Sweet Cuddly Steve Landsburg
This is the mushiest interview with Steve Landsburg you will ever see. A great part:
I like to say that when you’re stuck in traffic on a hot
summer night, it’s very easy to remember that the guy in
front of you is imposing the costs, and, unfortunately, you
also easily forget that the guy who invented air conditioning
has conferred on you quite a benefit. You remember that if
the guy in front of you had never been born, your life would
be a little easier right now — but it’s also easy to forget that
if one less person had been born it might very well have been
the guy who would’ve invented air conditioning, not the guy
who’s in front of you. So, the real way in which people get
this wrong, I think, is that the mind immediately goes to the
fact that there is such a thing as too large a population. And
there is such a thing as a population so large that the earth
cannot support it — we all know that. But that does not
address the question of whether the current population is
too large or too small. And somehow people often confuse
one of those questions with the other.
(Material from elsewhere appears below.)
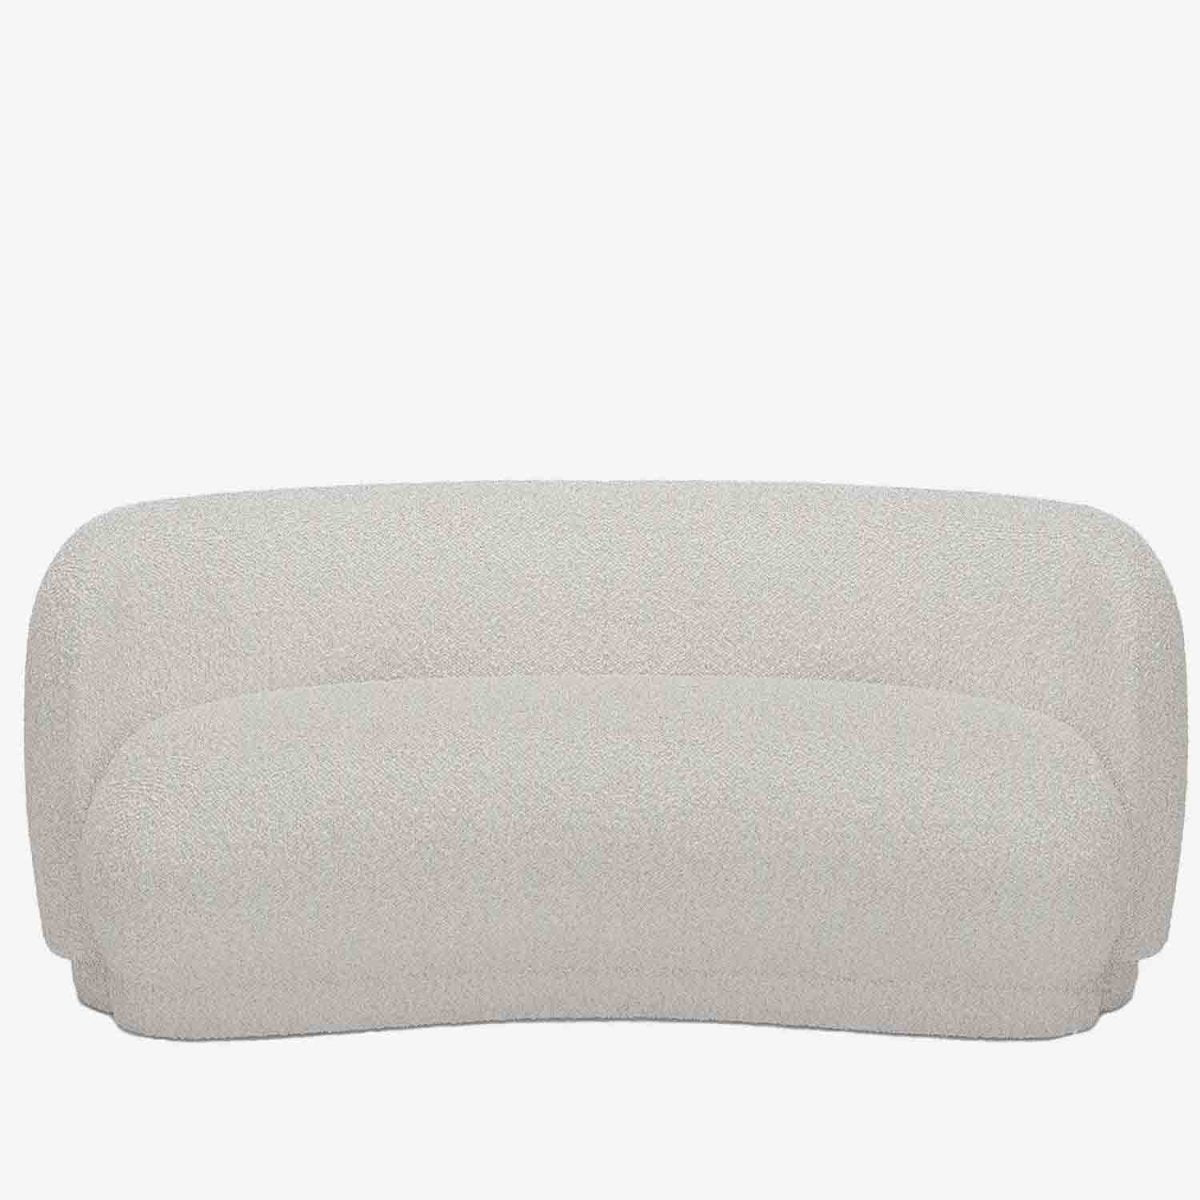 Grand canapé incurvé blanc tissu bouclette - Potiron Paris, les canapés design de qualité pas chers

I’m not sure why, but
I’m out to unconfuse them.
Steve’s claim to fame is his classic The Armchair Economist but libertarians might enjoy his Fair Play more. In this post I give some cool quotes from that later book.
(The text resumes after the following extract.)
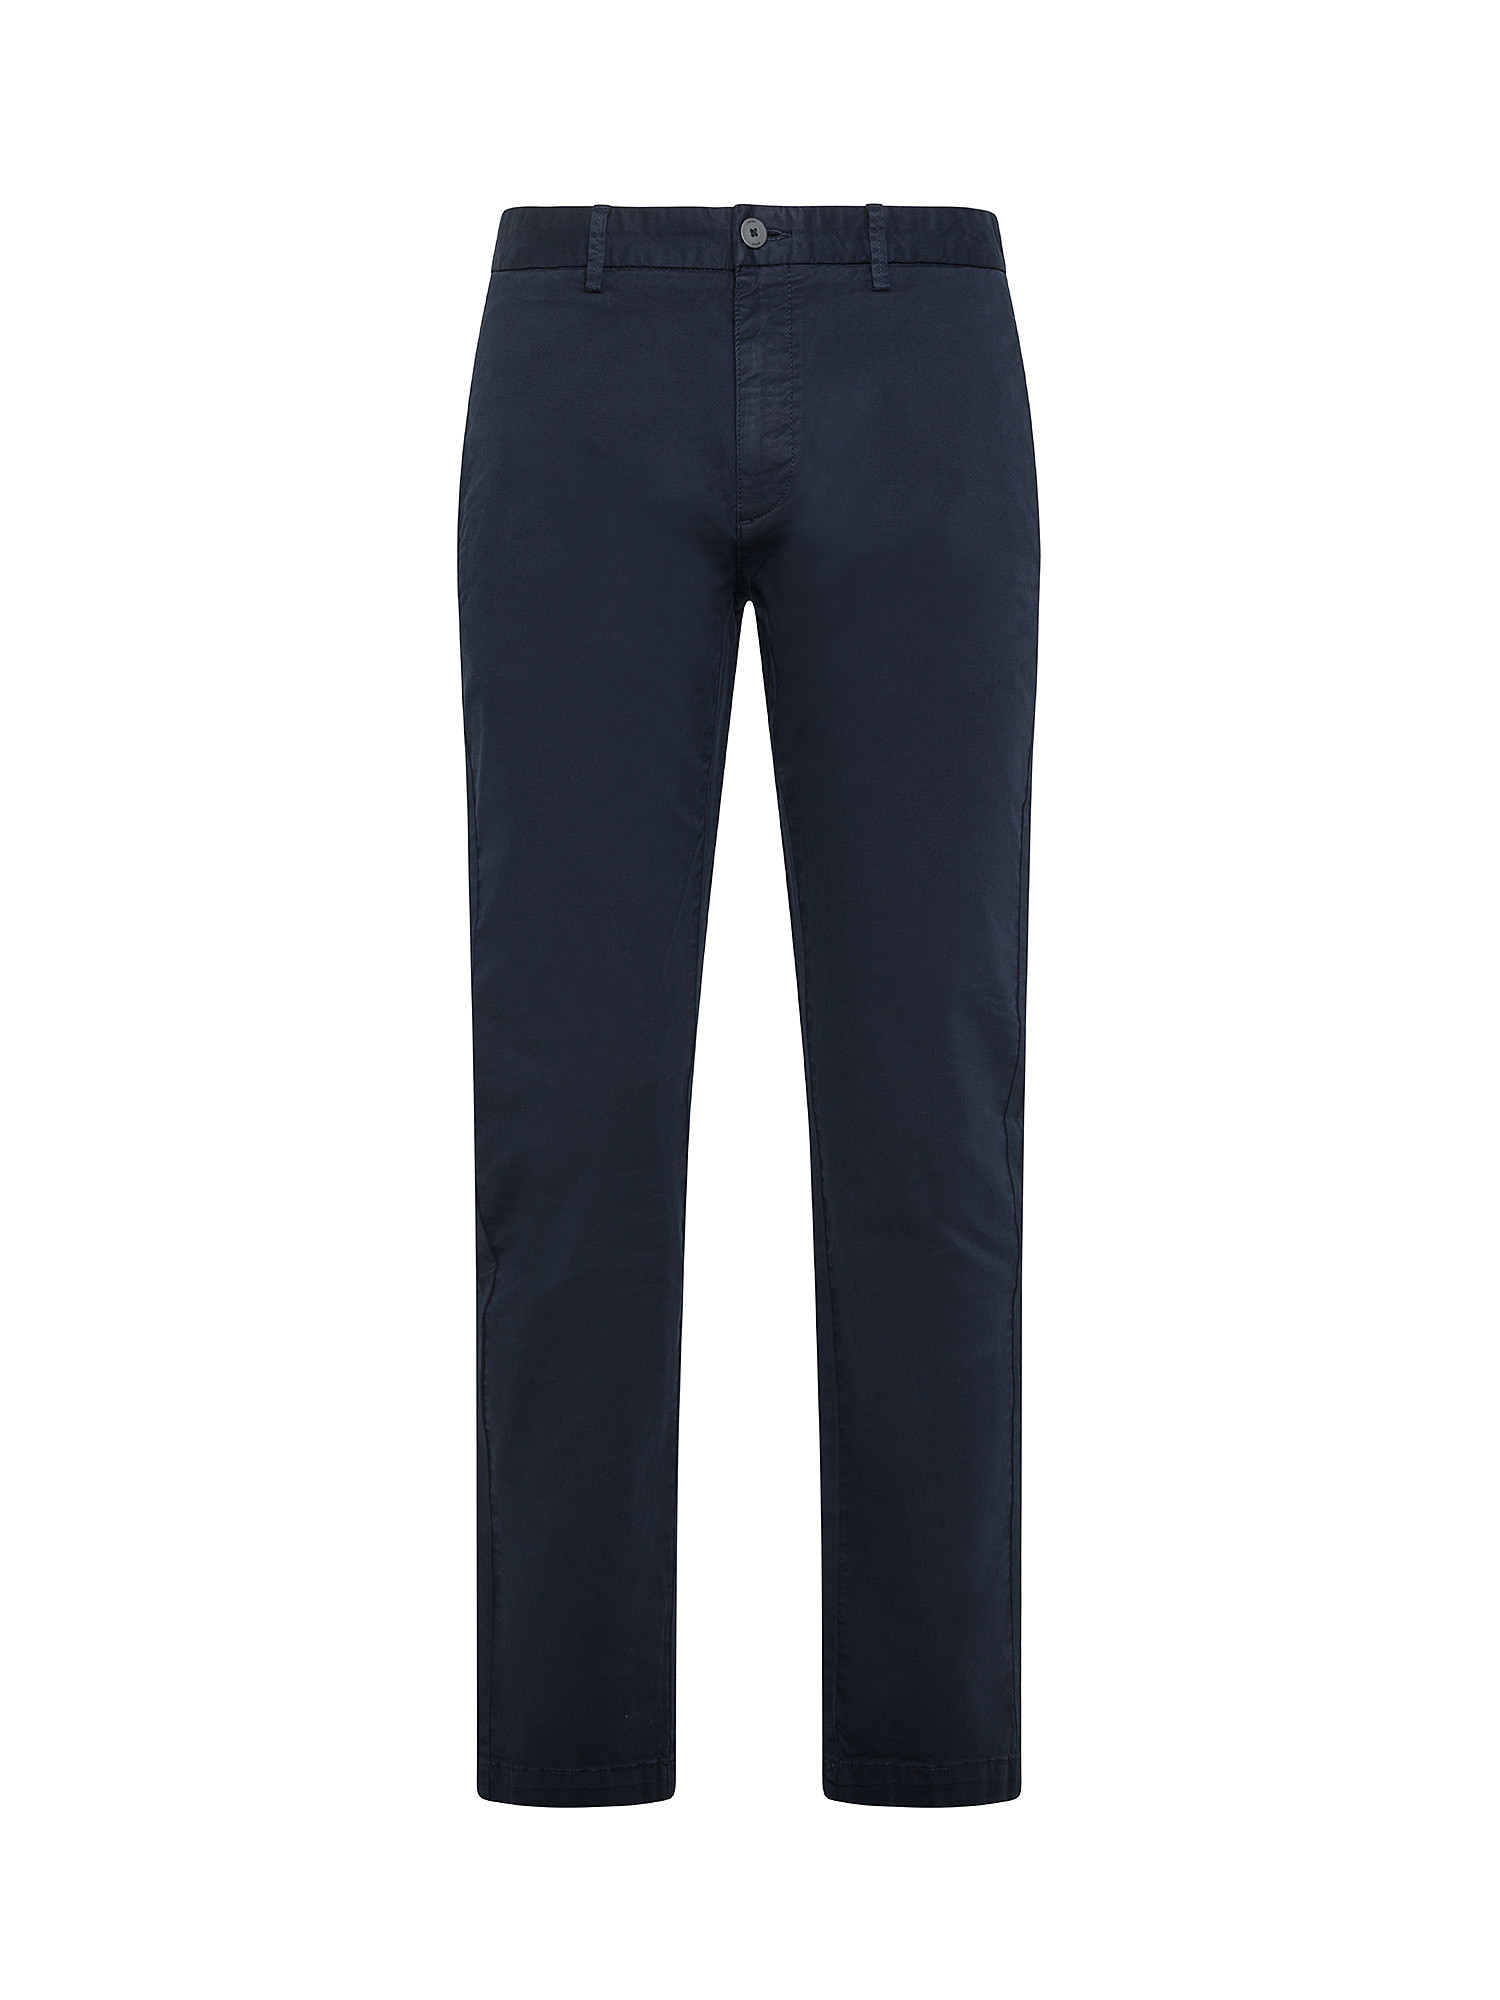 Hugo - Pantaloni chino slim fit, Blu scuro, large image number 0

What is funny is the one child policy of the central planners of China, and the pro-procreation policies of Putin
http://www.vanityfair.com/online/oscars/2013/01/vladimir-putin-boyz-ii-men-concert-moscow-fertility-campaign
You think maybe these two countries could come up with a more efficient policy that involved cooperation?
The Ego creates and the Ego destroys.
Creation of air conditioning versus destruction of the driver in front of you…
Creative thoughts entail air conditioning, destructive thoughts entail the driver in front.
“Over-population” is a fear of destroyer egos.
Landsburg is building from a self-evident FALLACY — those likely to invent the refrigerator are not randomly distributed in the population.
Logical deductions from falsehoods are not valid deductions.
Huh? His point, if you read the interview, is that large populations have various beneficail effects. *One* is the higher number of creative sparks. And since ideas can spread rapidly the benefits from creativity and invention can increase with population at a great speed. I suspedct, buit don’t know for sure, that Steve would argue that the growth in ideas is faster than linear in the growth of population in fact. (I think I would argue that if SL won’t.)
Where’s the fallacy?
The really weird thing about the interview Bob, is that Steve didn’t argue that more people means more sex.